Emerging applications of the Industrial Internet of Things (IIoT) systems, e.g., factory automation, smart grid, vehicle networks, robotic surgeries, and tactile Internet, pursue ultrareliability, low-latency, high-data rates, high-information timeliness, etc. [1], [2], [3], [4], [5], [6]. In particular, most mission-critical applications often have stringent requirements on the reliability, latency, and throughput [7]. While the majority of the industries are in the remote areas, the capability of distant ultra-Reliable and Low-Latency Communication (uRLLC) has become one of the key performance metrics of the emerging applications in IIoT. Ensuring the conflicting Quality-of-Service (QoS) requirements in distant uRLLC is crucial and really challenging. In effect, relaying provides intuitive solution for improving the communication distance. Recent work [8] found that deploying relay in wireless networks helps improving the achievable rate of uRLLC. It is noteworthy that with half-duplex relaying, the resource utilization efficiency is low and an extra transmission delay is introduced. Accordingly, full-duplex relaying is considered to enhance the resource utilization efficiency and to avoid the extra transmission delay [9], [10], [11]. However, transmitting and receiving data at the same time would cause self-interference, which impairs the performance of the relaying and increases the error probability.
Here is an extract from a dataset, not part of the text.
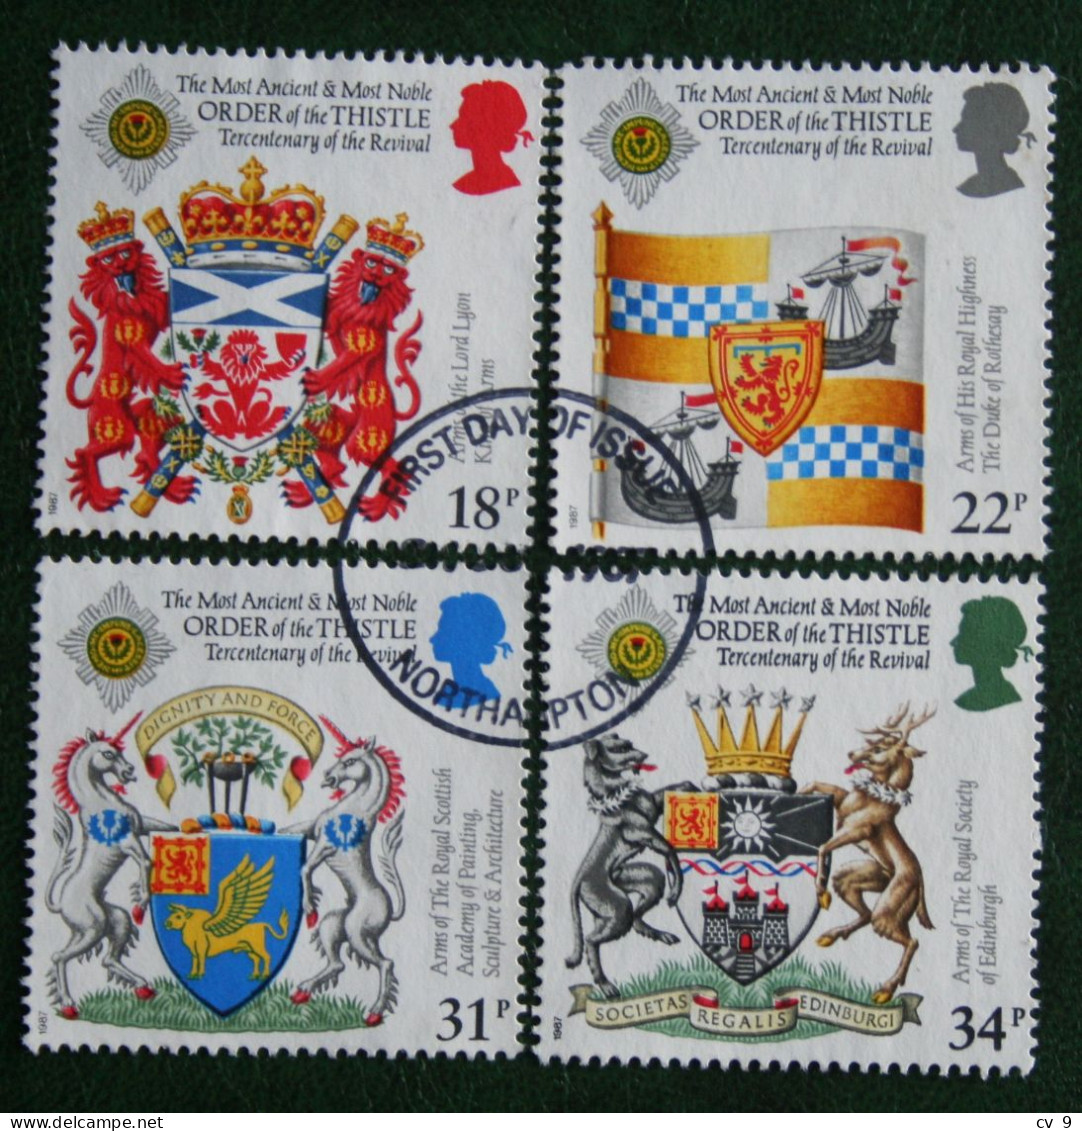 ORDER OF THE THISTLE ANNIVERSARY (Mi 1113-1116) 1987 Used Gebruikt Oblitere ENGLAND GRANDE-BRETAGNE GB GREAT BRITAIN - Used Stamps

Moreover, to guarantee the low-latency requirement, a short frame structure is adopted in the 5th generation (5G) new radio (NR), where the coding blocklength is short [8]. The short frame structure should also be employed in the distant uRLLC IIoT systems. Since Shannon capacity is the maximum achievable rate when the coding blocklength goes to infinity, it is no longer applicable in the finite blocklength (FBL) regime [12], [13], [14]. The FBL theory should be taken into account.